Write out the data that follows exactly, keeping every picture out.

+++ Given information

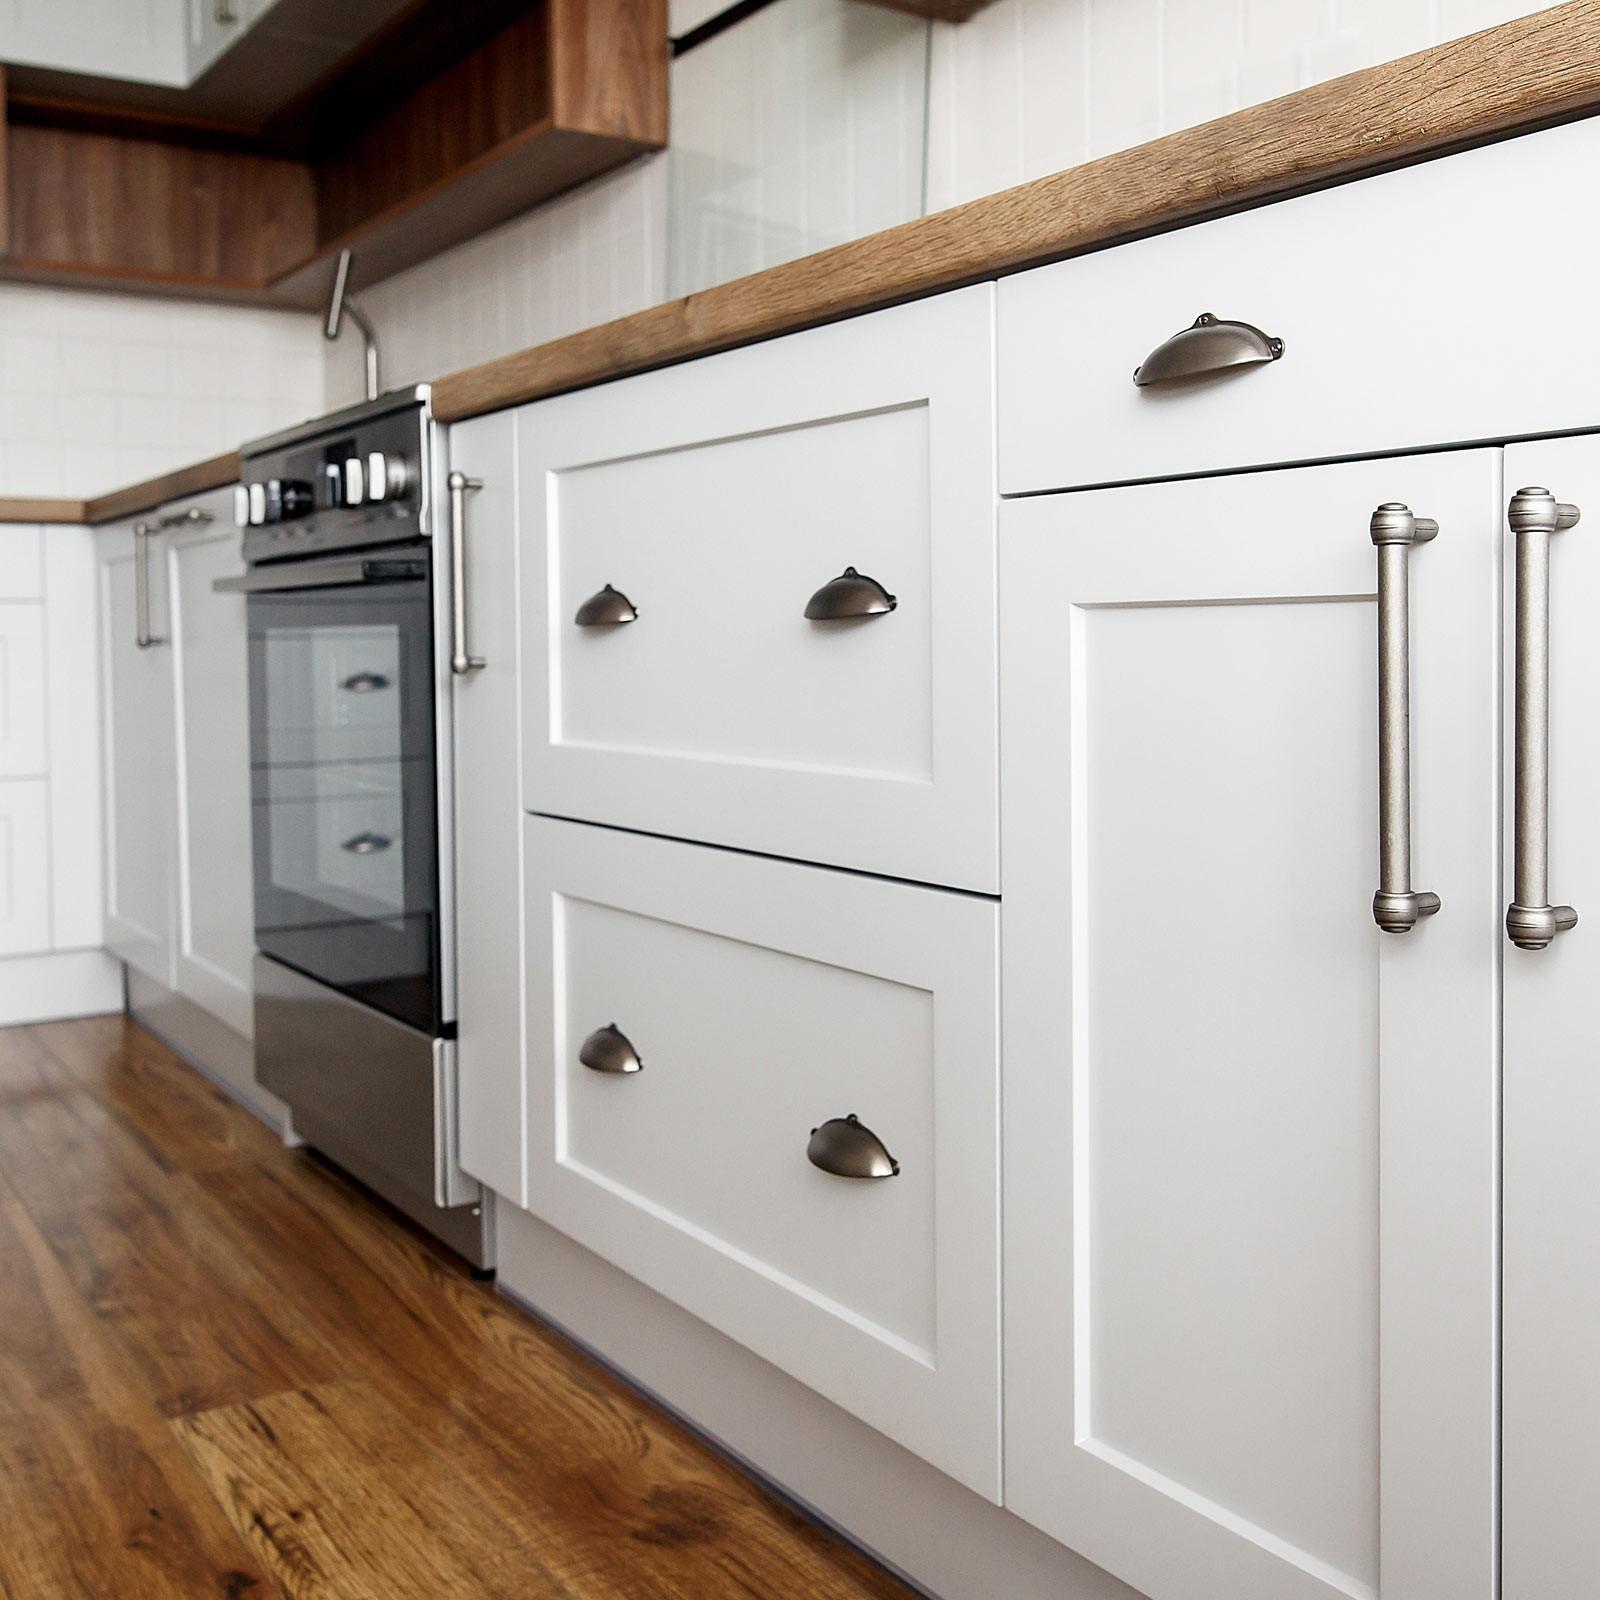 Cabinets White | Wacky's Flooring
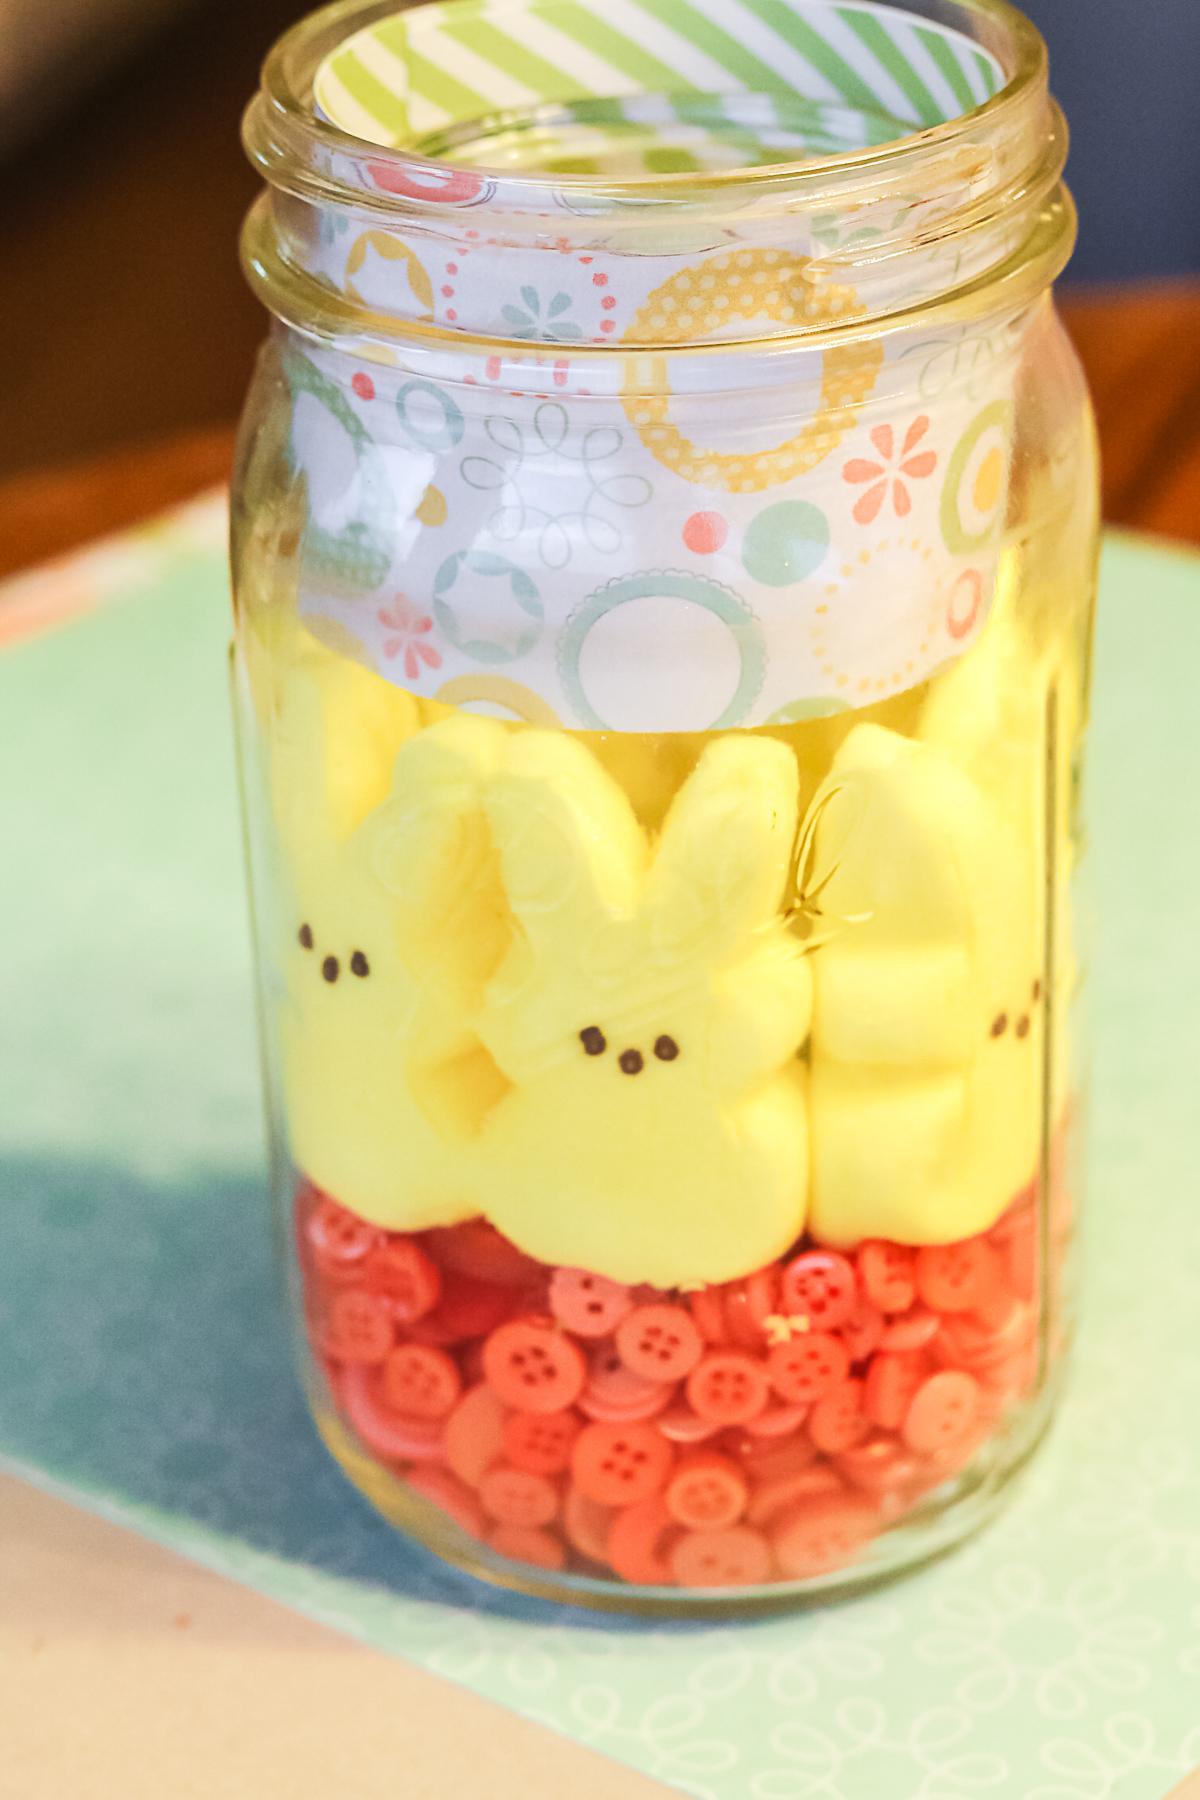 bunny-shaped peeps in a mason jar
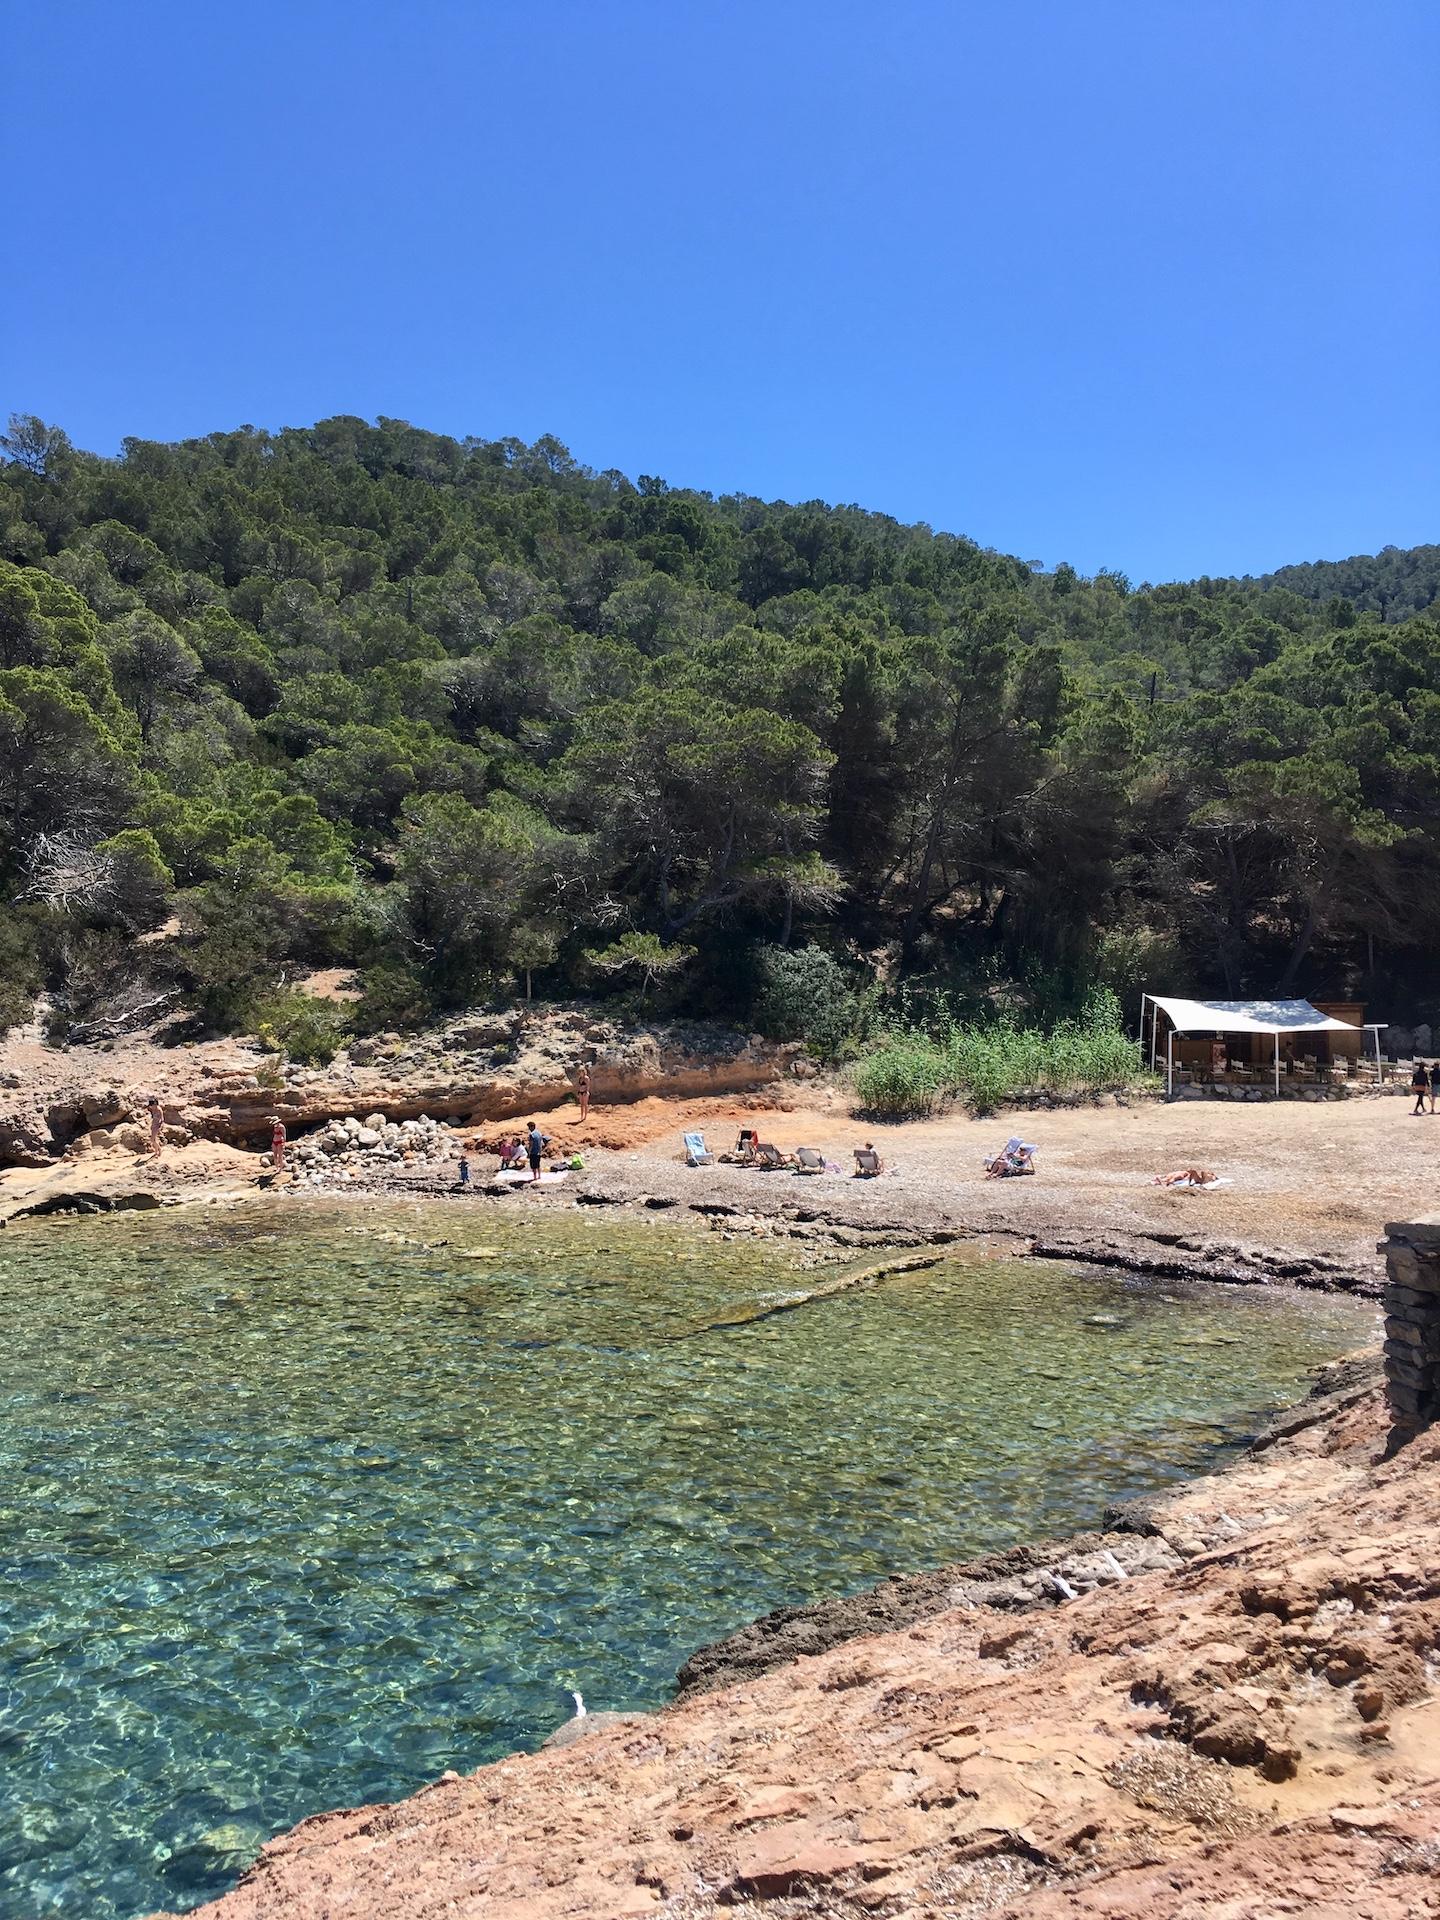 Cala Xuclar - wunderschöne Natur-Bucht in Ibizas Norden #Ibiza #Urlaub #Strand #Geheimtipp #Schnorcheln #Kajak #SUP.jpg

++++++

Answer for this exercise:
 Cabinets White | Wacky's Flooring
 bunny-shaped peeps in a mason jar
 Cala Xuclar - wunderschöne Natur-Bucht in Ibizas Norden #Ibiza #Urlaub #Strand #Geheimtipp #Schnorcheln #Kajak #SUP.jpg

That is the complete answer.